The MMCPs can identify members currently in receipt of PERS by the presence of rate codes 2513 and 2514 on the fee-for-service (FFS) claims data provided by the state through the Health Commerce System (HCS). For members identified as receiving PERS, MMCPs should contact the LDSS personal care services program for the following information: the vendor currently providing the service, the authorization period and a copy of the PERS checklist.

Most MMCPs have assessed enrollees' needs for PERS during the transition of the personal care benefit, which began August 1, 2011, and will have arranged for PERS vendors to receive authorization from the MMCP to continue services after January 1, 2012. Any vendor currently providing PERS services to a mainstream Medicaid managed care enrollee under an LDSS authorization that has not made such arrangements, should contact the individual’s MMCP for direction about continuation of services after December 31, 2011. PERS services should be continued by the existing vendor and paid by the MMCP for 60 days or until a new assessment is completed, unless other arrangements have been confirmed with the MMCP.

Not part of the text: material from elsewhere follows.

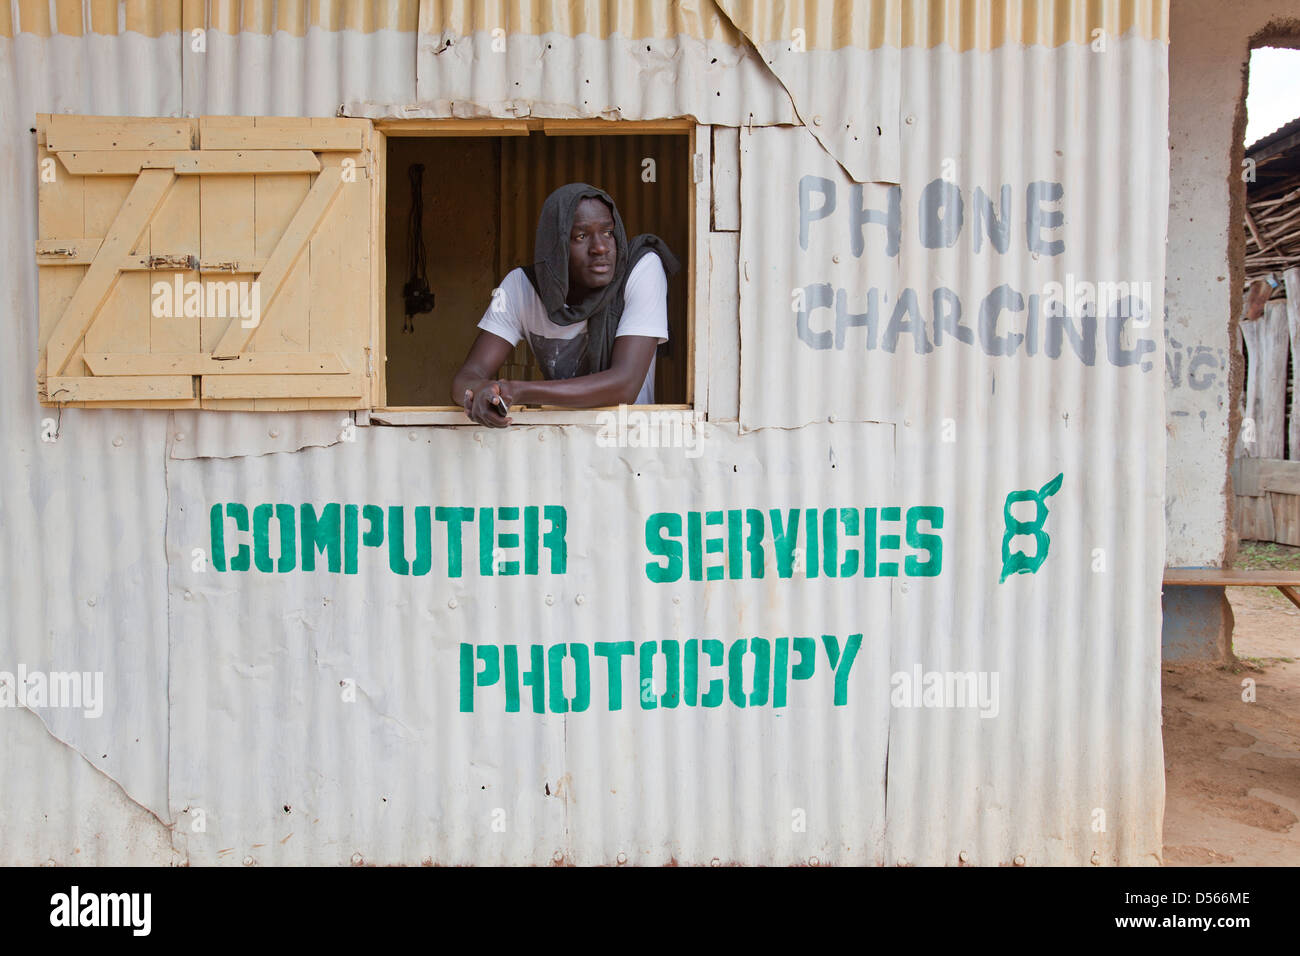 Man awaiting business in a mobile phone charging booth, Yala, Kenya. - Stock Image

For questions relating to the PERS transition to mainstream Medicaid managed care, please e-mail OMCmail@health.state.ny.us or call the Division of Health Plan Contracting & Oversight, at (518) 474-5515.

Pharmacy Update

Fee-for-Service Pharmacy Reform Prior Authorization for Atypical Antipsychotics

The enacted 2011-2012 New York State (NYS) Executive Budget included several significant changes to the Medicaid fee-for-service (FFS) pharmacy benefit. One of those changes was to eliminate the exemption from prior authorization requirements for drugs in the following therapeutic classes: atypical anti-psychotics, anti-depressants, anti-rejection drugs used for the treatment of organ and tissue transplants and anti-retroviral drugs used in the treatment of HIV/AIDS.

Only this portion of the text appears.